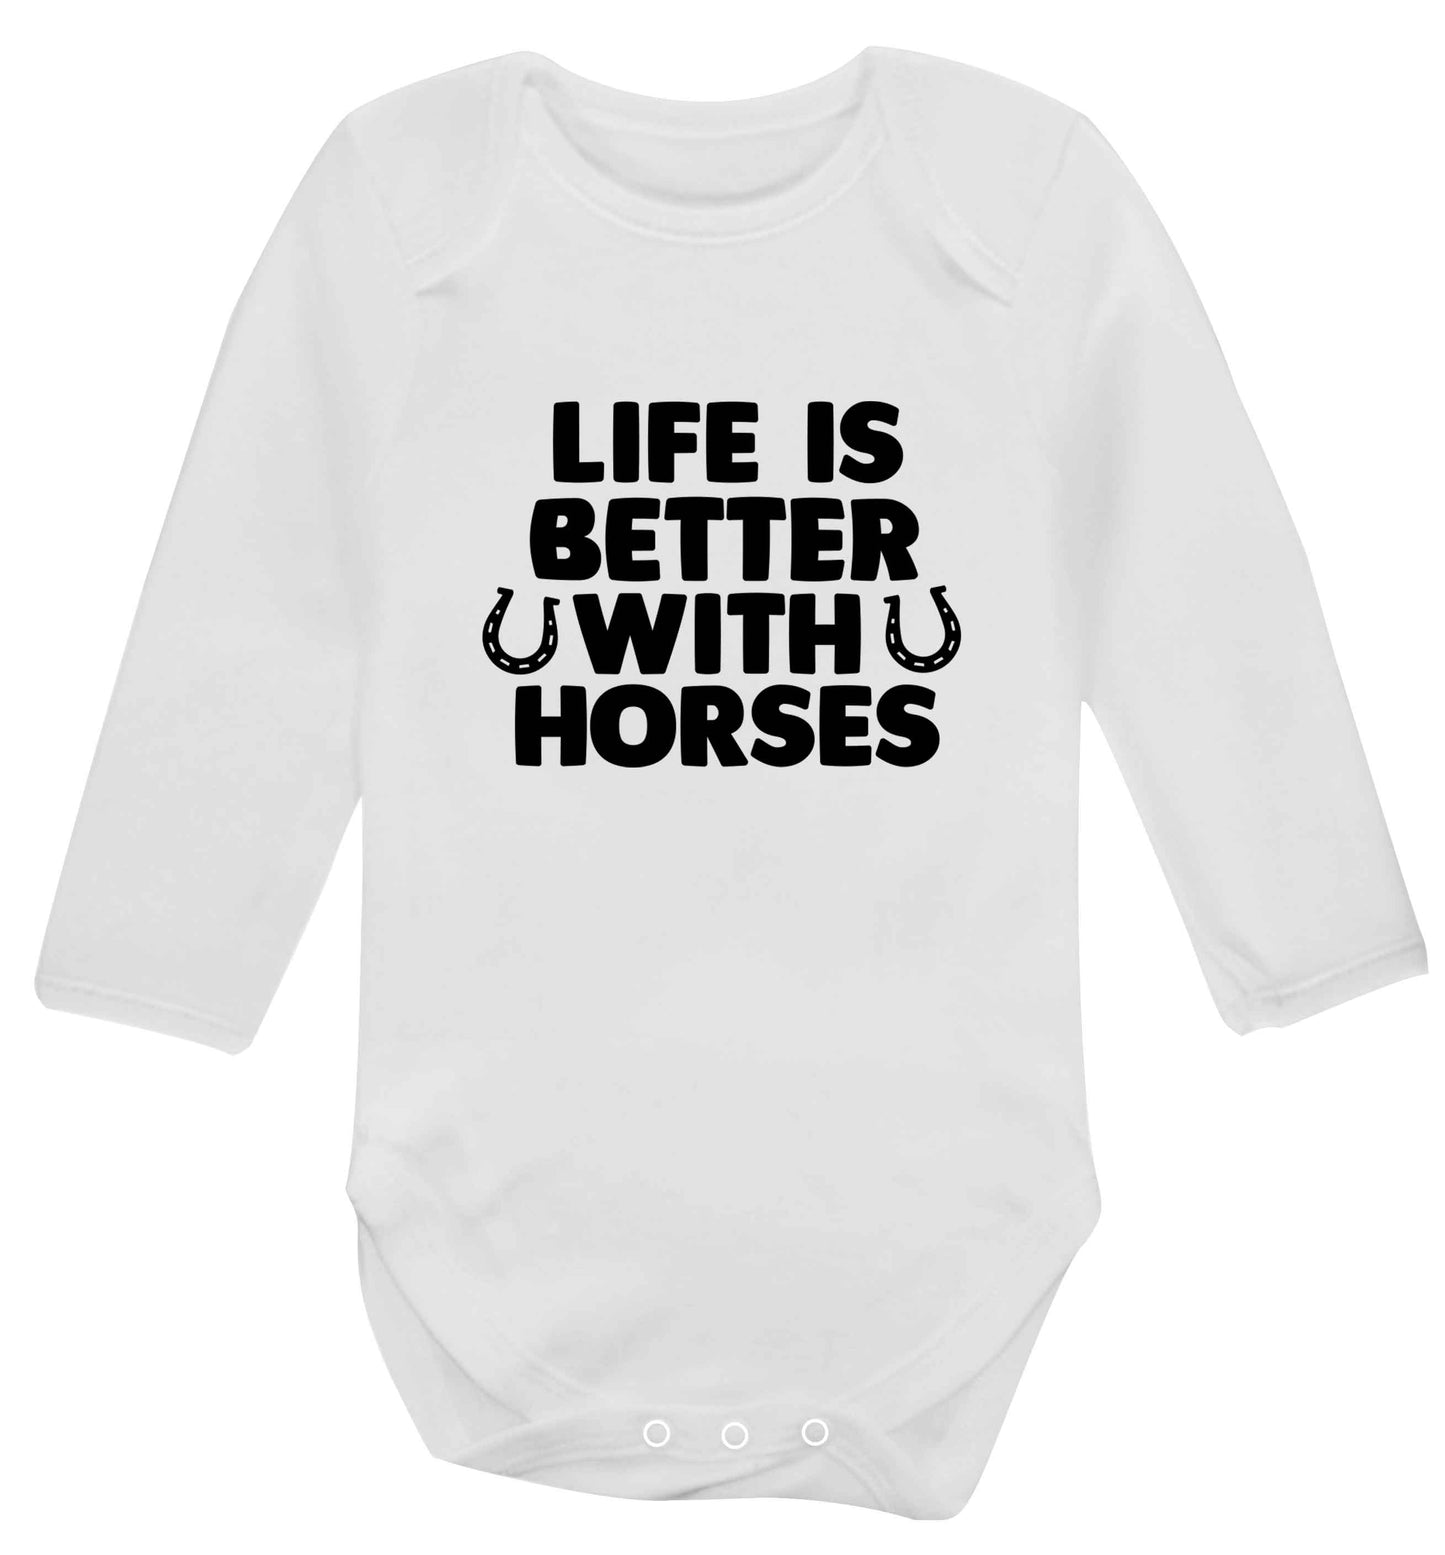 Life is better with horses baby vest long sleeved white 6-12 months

※

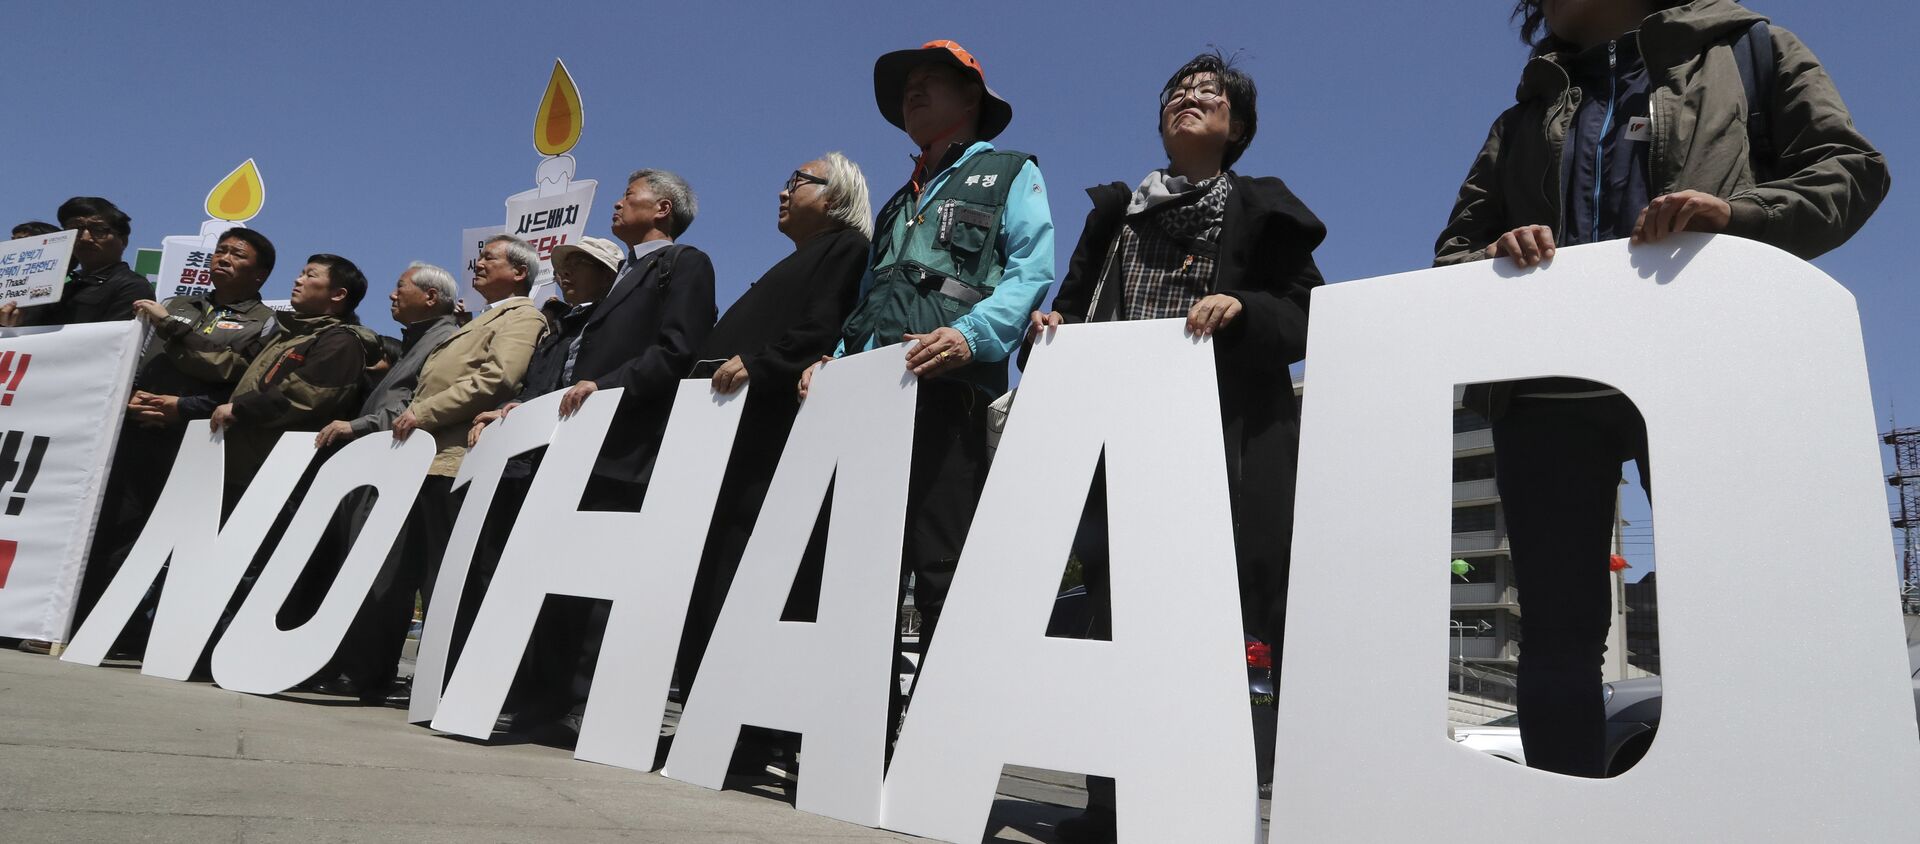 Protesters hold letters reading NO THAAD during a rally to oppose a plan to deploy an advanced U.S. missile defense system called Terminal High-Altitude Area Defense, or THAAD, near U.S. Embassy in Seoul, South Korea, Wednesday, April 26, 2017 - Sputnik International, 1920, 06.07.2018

※

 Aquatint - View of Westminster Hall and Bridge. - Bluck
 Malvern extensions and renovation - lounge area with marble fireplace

※

__Problem details__:
Using the records above, copy word for word the line with "Aquatint - View", the line with "Malvern extensions and", and every line between them.

__Answer space__:
 Aquatint - View of Westminster Hall and Bridge. - Bluck
 Malvern extensions and renovation - lounge area with marble fireplace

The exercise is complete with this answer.